Most of the barriers to vaccination are directly tied to the Houthi authorities’ apparent unwillingness to take the pandemic seriously. They have not advertised vaccination center locations or encouraged health workers to take the vaccines. They have also prevented any information about the campaign to appear on the Houthi health ministry’s website, and mandated that health workers give blood before they can receive a vaccine.
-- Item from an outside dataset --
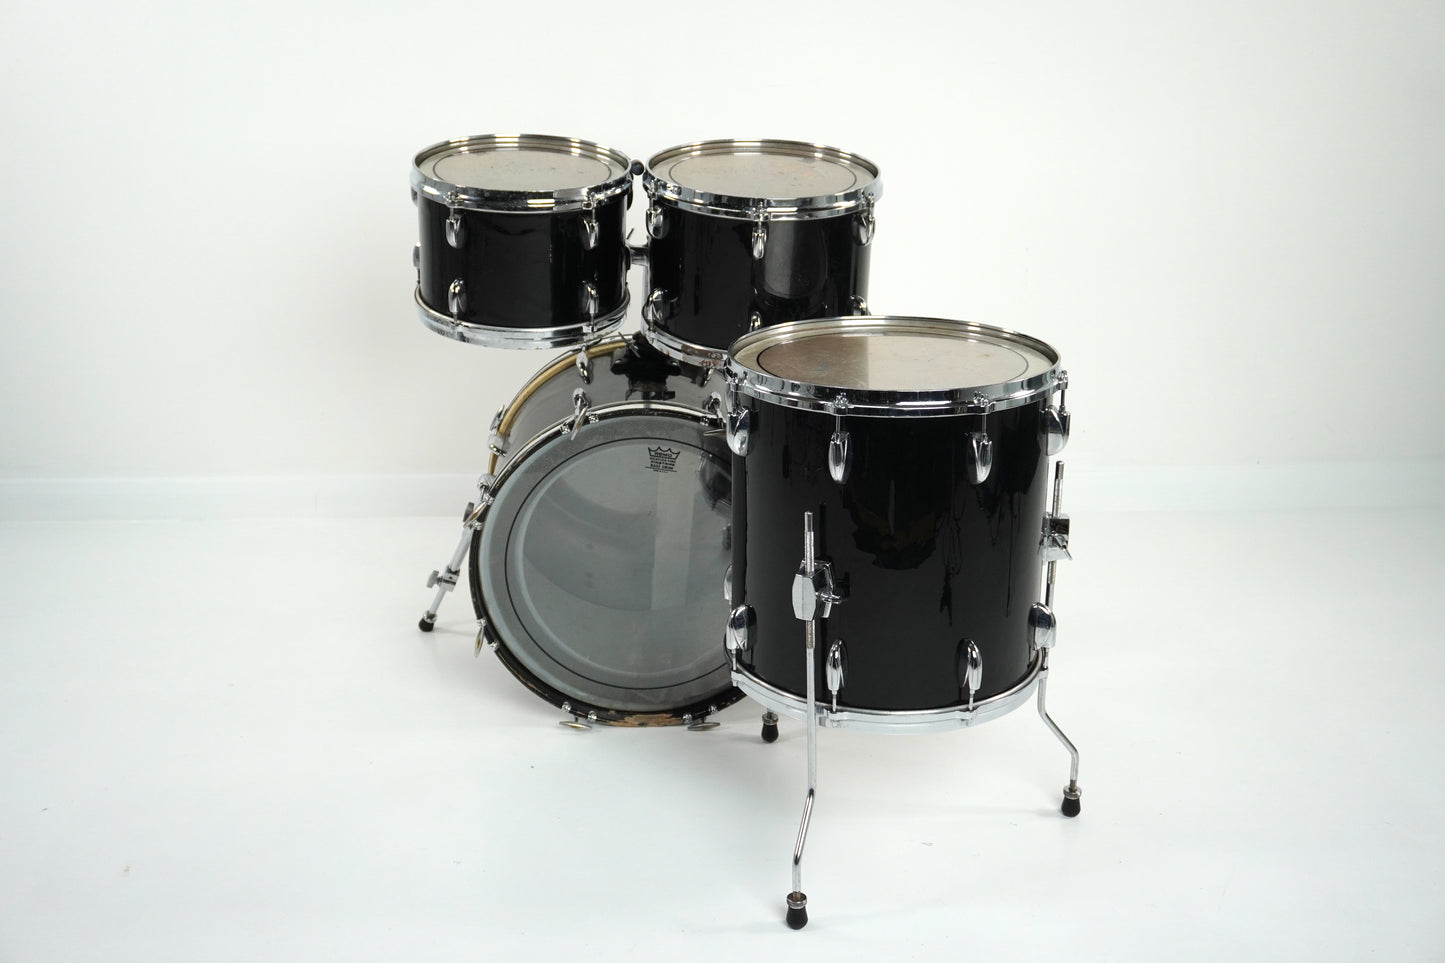 Gretsch USA 1969-1977 Drum kit 20x14 12x8 13x9 16x16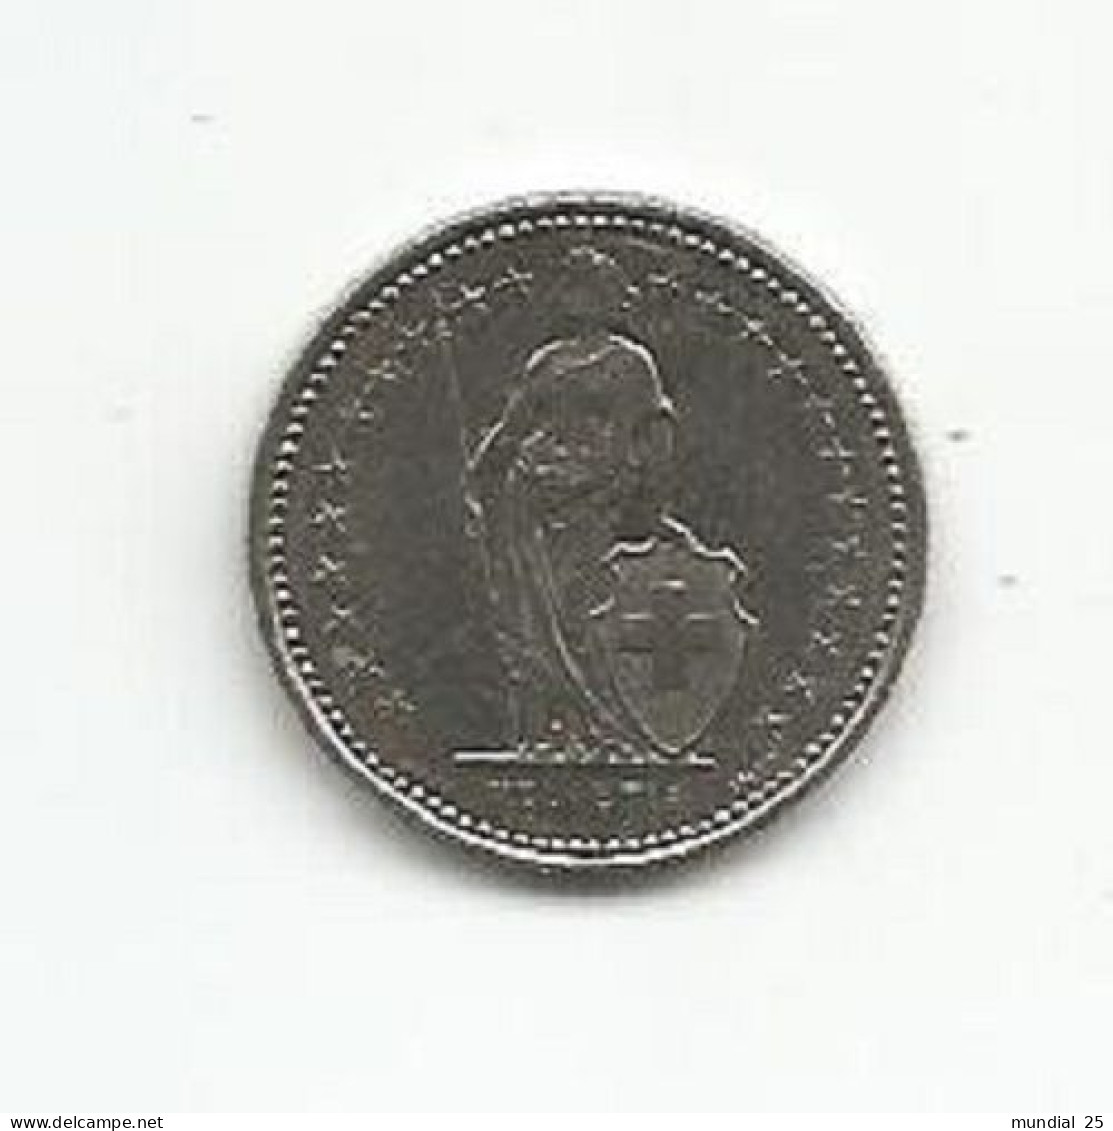 SWITZERLAND 1/2 FRANC 1983 - 1/2 Franc

At least 150 doctors in Yemen have died from Covid-19, according to the Yemeni Doctors Living Abroad Association. Last year, most of the 97 health workers who died from Covid-19 were in Yemen’s Houthi-controlled capital, Sanaa. The death of health workers has serious consequences in a country with a healthcare system decimated by years of war, a shortage of medical professionals, and what the United Nations has called the world’s worst humanitarian crisis. It is estimated that only half of Yemen’s healthcare system is functioning and is heavily reliant on support from international donors, whose aid has decreased in recent years.

In May, UN Under-Secretary-General for Humanitarian Affairs Mark Lowcock indicated that Covid-19 was pushing Yemen’s healthcare system to collapse. Given the urgent medical needs of the Yemeni people, Houthi authorities should immediately lift all barriers to vaccination and allow health workers to safely perform their vital role.